Unicode 7.0.0, (combining) Hamza Above, and normalization

Wed Aug 6 20:01:30 CEST 2014

I'm not prepared to comment more generally right now, but I want to
ensure we make one clear distinction:

On Wed, Aug 06, 2014 at 05:24:36PM +0000, Shawn Steele wrote:

> That's how I read Mark's statement.  The problem statement here
> focuses on 1 character when rnicrosoft.com (in ASCII) can achieve
> similar effect.  Or microsoft.unsafe.com or trustme.com/microsoft -
> or just ignoring what the link says, or my bank sending me stuff
> that takes me to a abcprocessing.com site, which trains me that
> legitimate stuff can go to a 3rd party site. 

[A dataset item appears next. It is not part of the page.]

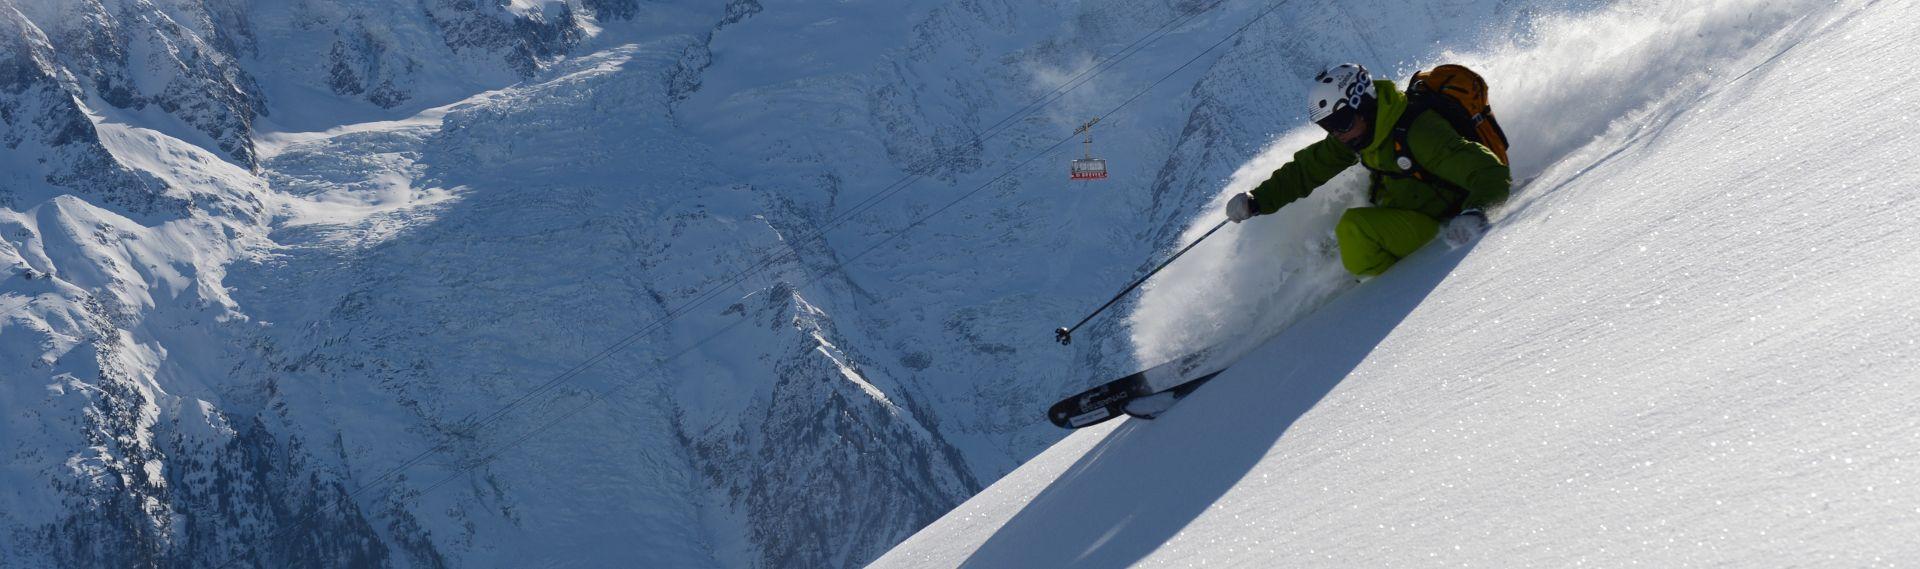 Aurélien-D-Double Champion du Monde de ski freeride-3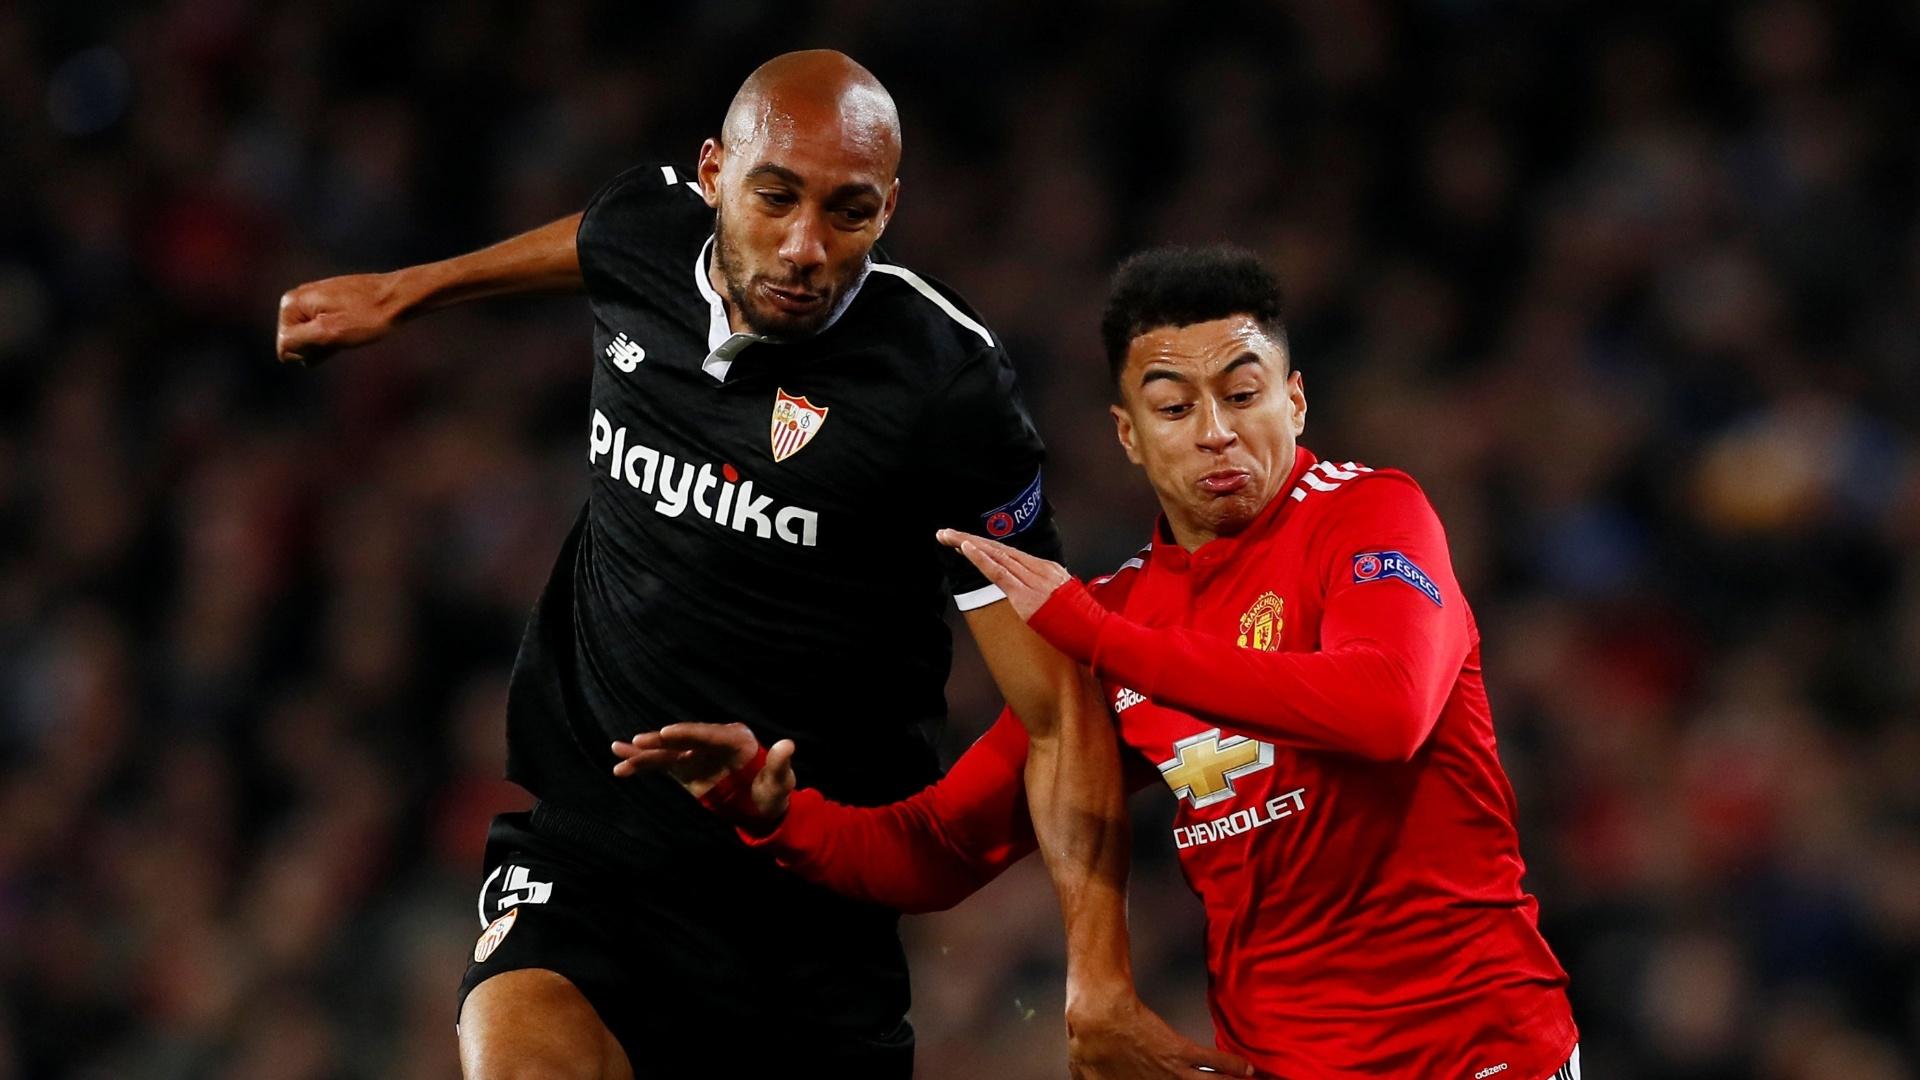 Jesse Lingard e Steven N'Zonzi disputam a bola na partida Manchester United x Sevilla pela Liga dos Campeões 2017/2018

This is _not_ the current problem.  The above problems are real, but
they're different.

The current problem we're talking about is one in which "the very same
character" can be produced by a combining sequence and as a precomposed
character, but where the normalization rules for the combining
sequence and the precomposed character don't produce the same result.
It is as if you produced o-diaeresis using U+006F and U+0308, and also
produced it using U+00F6, but when you ran the results through NFC you
didn't get a match.  Also, this is not cross-script: it's in the very
same script.  

The difference in this case, as I understand Mark's argument, is that
in the present case

   1. U+08A1 ARABIC LETTER BEH WITH HAMZA ABOVE
   2. U+0628 ARABIC LETTER BEH + U+0654 ARABIC HAMZA ABOVE

(1) and (2) are _not_ "the very same character"; but

   A. U+00F6 LATIN SMALL LETTER O WITH DIAERESIS
   B. U+006F LATIN SMALL LETTER O + U+0308 COMBINING DIAERESIS

(A) and (b) _are_ "the very same character".  So NFC(1) != NFC(2) but
NFC(A) == NFC(B).

I understand this argument.  I'm a little uncomfortable with the
implications for IDNA, however.

Best regards,

A

-- 
Andrew Sullivan
ajs at anvilwalrusden.com